In a basic configuration, the mobile electronic device 1000 is a handheld computer having both input elements and output elements. The mobile electronic device 1000 typically includes a display 1005 and one or more input buttons 1010 that allow the user to enter information into the mobile electronic device 1000. The display 1005 of the mobile electronic device 1000 may also function as an input device (e.g., a display that accepts touch and/or force input).

If included, an optional side input element 1015 allows further user input. The side input element 1015 may be a rotary switch, a button, or any other type of manual input element. In alternative aspects, mobile electronic device 1000 may incorporate more or less input elements. For example, the display 1005 may not be a touch screen in some embodiments. In yet another alternative embodiment, the mobile electronic device 1000 is a portable phone system, such as a cellular phone. The mobile electronic device 1000 may also include an optional keypad 1020. Optional keypad 1020 may be a physical keypad or a “soft” keypad generated on the touch screen display.

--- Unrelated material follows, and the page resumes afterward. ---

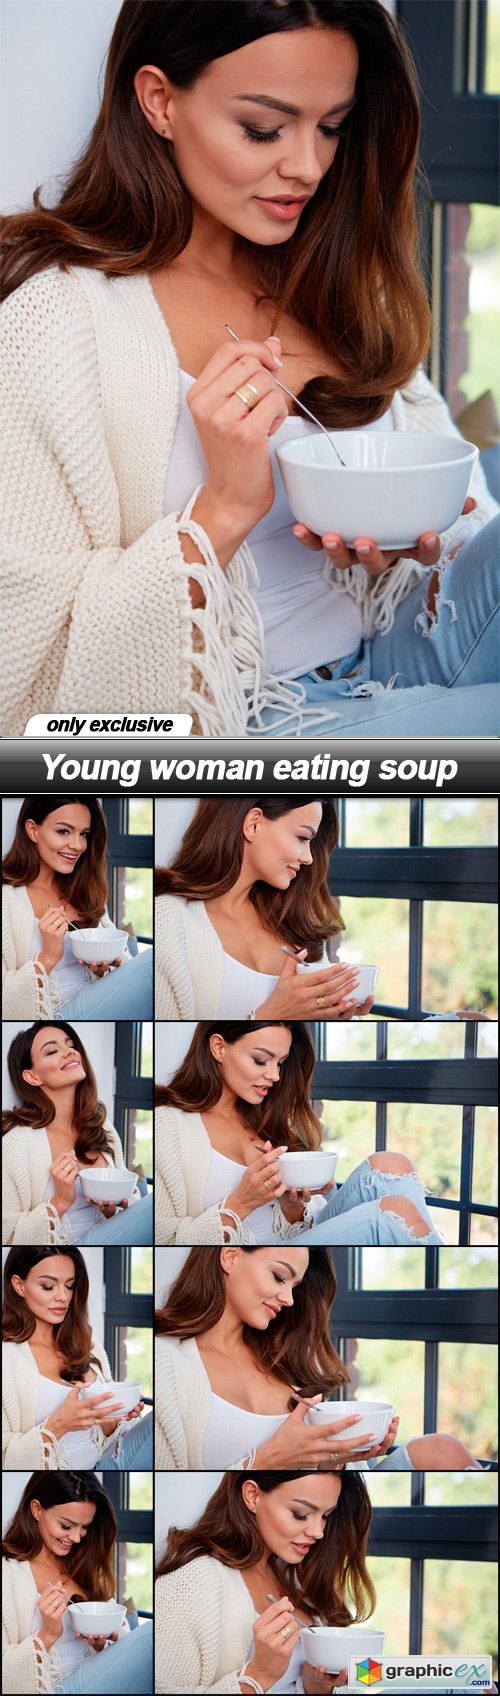 Young woman eating soup - 9 UHQ JPEG

In various embodiments, the output elements include the display 1005 for showing a graphical user interface (GUI) and a set of available templates, a visual indicator 1025 (e.g., a light emitting diode), and/or an audio transducer 1030 (e.g., a speaker). In some aspects, the mobile electronic device 1000 incorporates a vibration transducer for providing the user with tactile feedback. In yet another aspect, the mobile electronic device 1000 incorporates input and/or output ports, such as an audio input (e.g., a microphone jack), an audio output (e.g., a headphone jack), and a video output (e.g., a HDMI port) for sending signals to or receiving signals from an external device.

FIG. 10B is a block diagram illustrating the architecture of one aspect of a mobile electronic device 1000. That is, the mobile electronic device 1000 can incorporate a system (e.g., an architecture) 1035 to implement some aspects. In one embodiment, the system 1035 is implemented as a “smart phone” capable of running one or more applications (e.g., browser, e-mail, calendaring, contact managers, messaging clients, games, media clients/players, content selection and sharing applications and so on). In some aspects, the system 1035 is integrated as an electronic device, such as an integrated personal digital assistant (PDA) and wireless phone.

One or more application programs 1040 may be loaded into the memory 1045 and run on or in association with the operating system 1050. Examples of the application programs include phone dialer programs, navigation programs, e-mail programs, personal information management (PIM) programs, word processing programs, spreadsheet programs, Internet browser programs, messaging programs, and so forth.

The system 1035 also includes a non-volatile storage area 1055 within the memory 1045. The non-volatile storage area 1055 may be used to store persistent information that should not be lost if the system 1035 is powered down.

The application programs 1040 may use and store information in the non-volatile storage area 1055, such as an NLPS, compressed word embeddings, and the like. A synchronization application (not shown) also resides on the system 1035 and is programmed to interact with a corresponding synchronization application resident on a host computer to keep the information stored in the non-volatile storage area 1055 synchronized with corresponding information stored at the host computer.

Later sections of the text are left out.